Posted on November 21, 2020

Columns

Illnesses are ignored and chronic conditions go untreated as the coronavirus crisis conspires to keep Americans away from their family doctors.

More than a third of primary care physicians had furloughed office staff by June 1, according to a survey cited in JAMA, the Journal of the American Medical Association. Another survey showed 97% of 724 medical practices polled were losing money in the pandemic’s early days.

People are postponing doctor appointments and steering clear of clinics where fellow patients could be turning up with COVID-19 symptoms. As a result, providers are writing fewer prescriptions. Adults are going without safe, effective medicines that may improve their health or even lengthen their lifespan.

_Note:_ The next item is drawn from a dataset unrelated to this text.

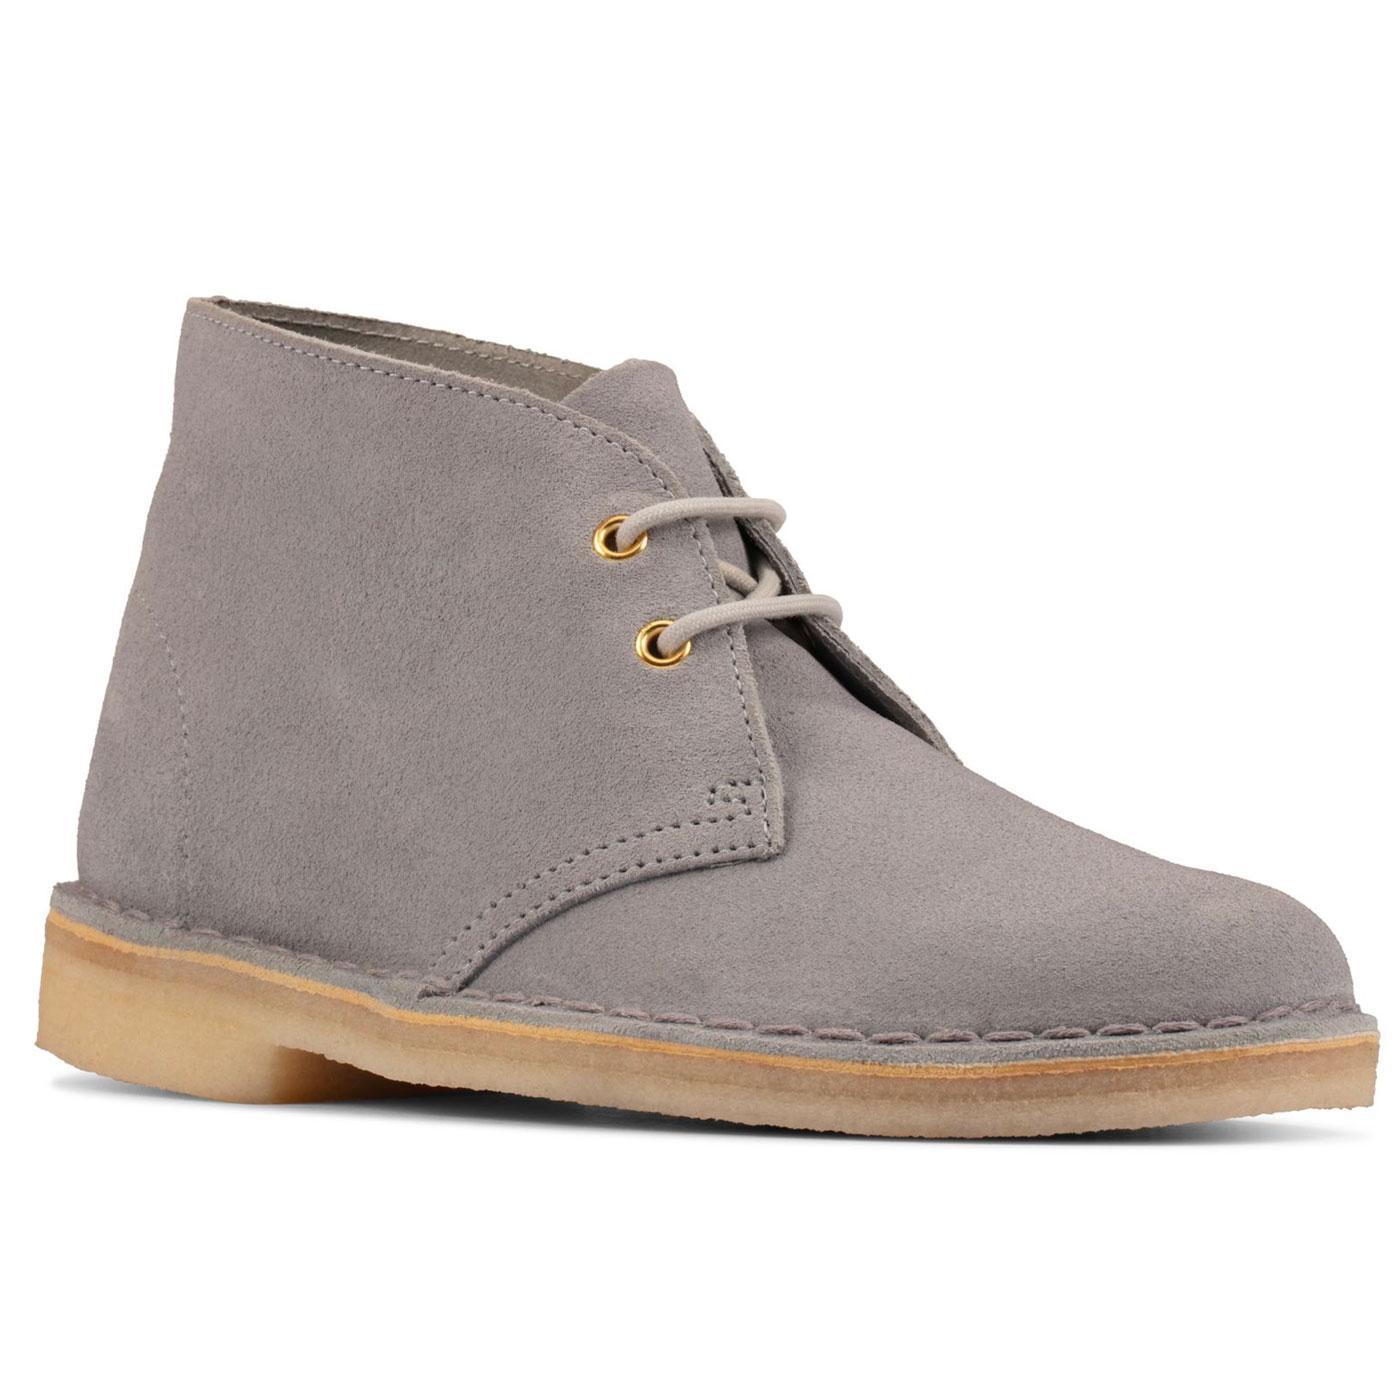 CLARKS ORIGINALS Women's Desert Boots (Blue-Grey)

One solution, the Cato Institute suggests in a white paper released last month, is to let people skip the waiting room and go straight to the pharmacy. Most medications should be available over the counter, authors Jeffrey A. Singer and Michael F. Cannon contend.

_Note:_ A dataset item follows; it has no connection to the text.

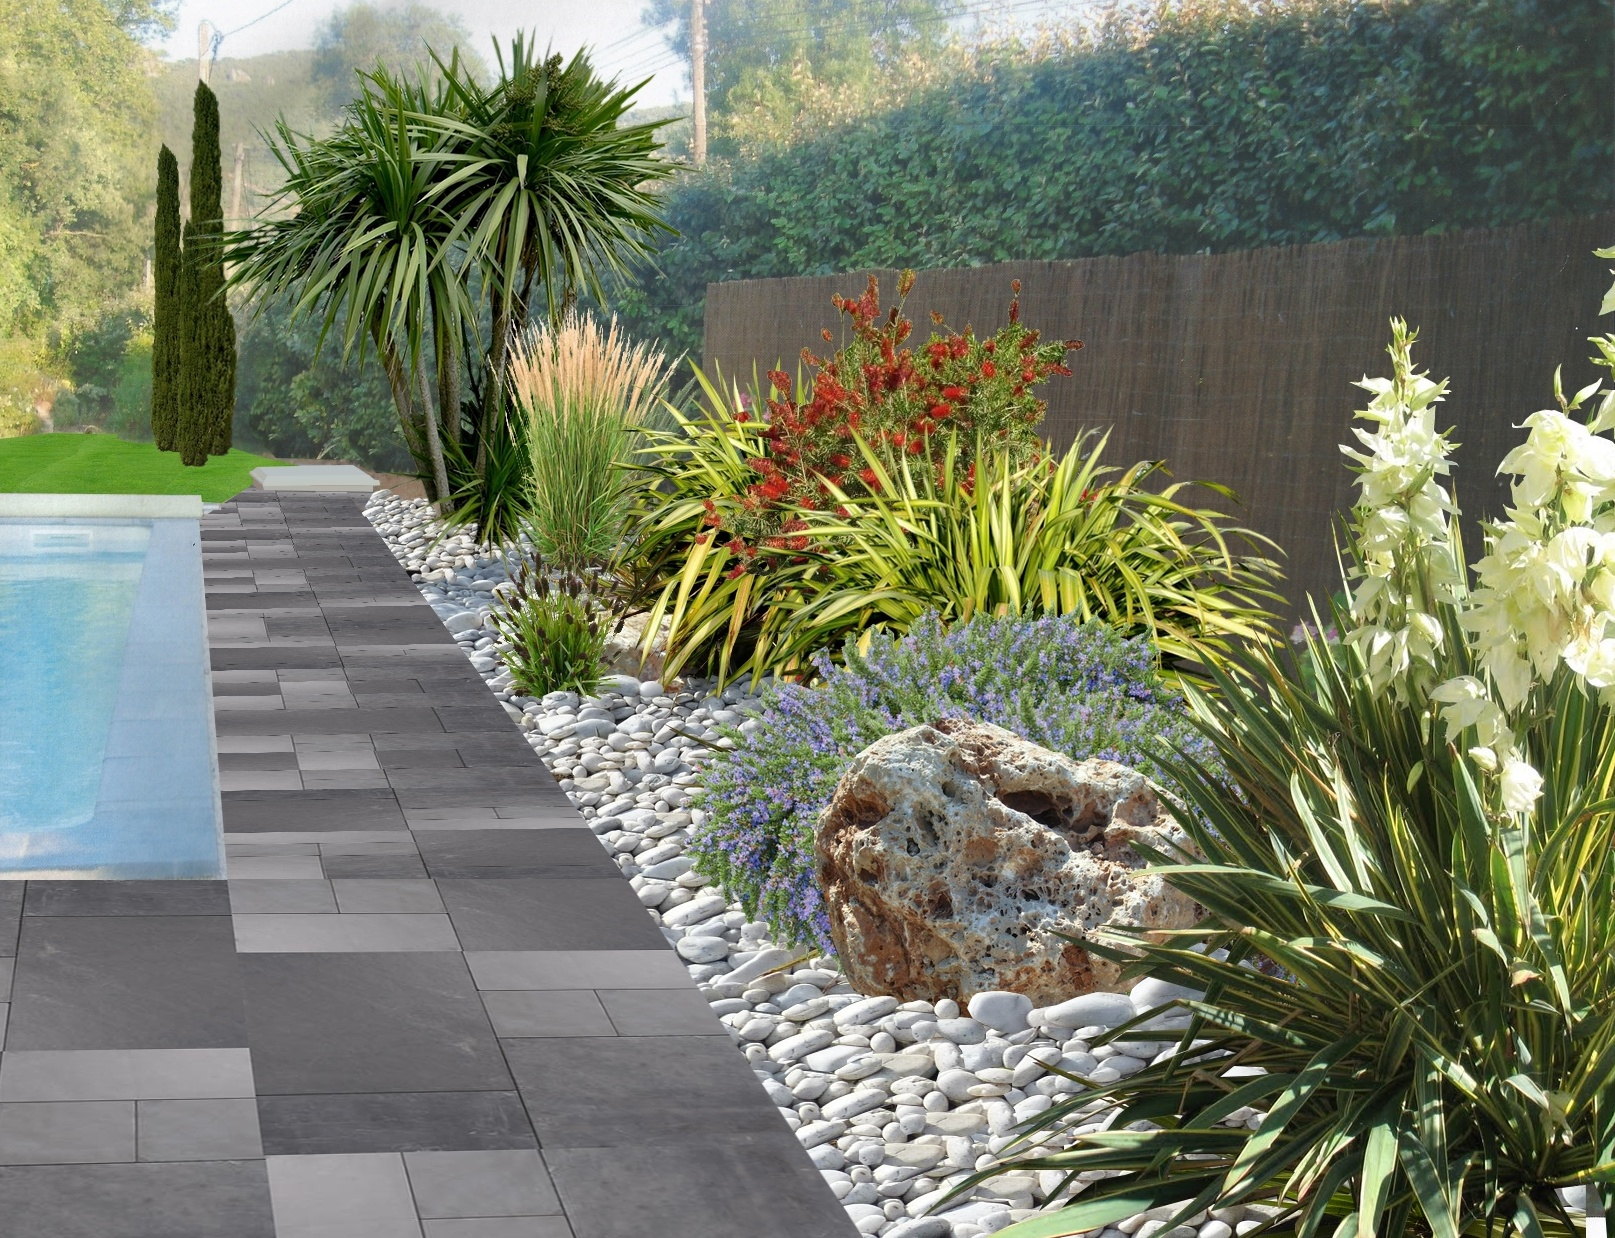 Aménager Un Jardin De Galets concernant Galet Decoration Jardin

“Government-imposed prescription requirements create unnecessary barriers to beneficial drugs, including by encouraging excessive drug prices,” the paper argues. “The evidence that suggests such requirements harm rather than help consumers becomes more plausible when one considers how both physicians and government have steered consumers toward hazardous drugs.”

By initially requiring prescriptions for second-generation antihistamines such as Claritin, Zyrtec and Allegra, Singer and Cannon write, the Food and Drug Administration encouraged allergy sufferers to buy older medications such as Benadryl that were sold over the counter but had a spottier safety record.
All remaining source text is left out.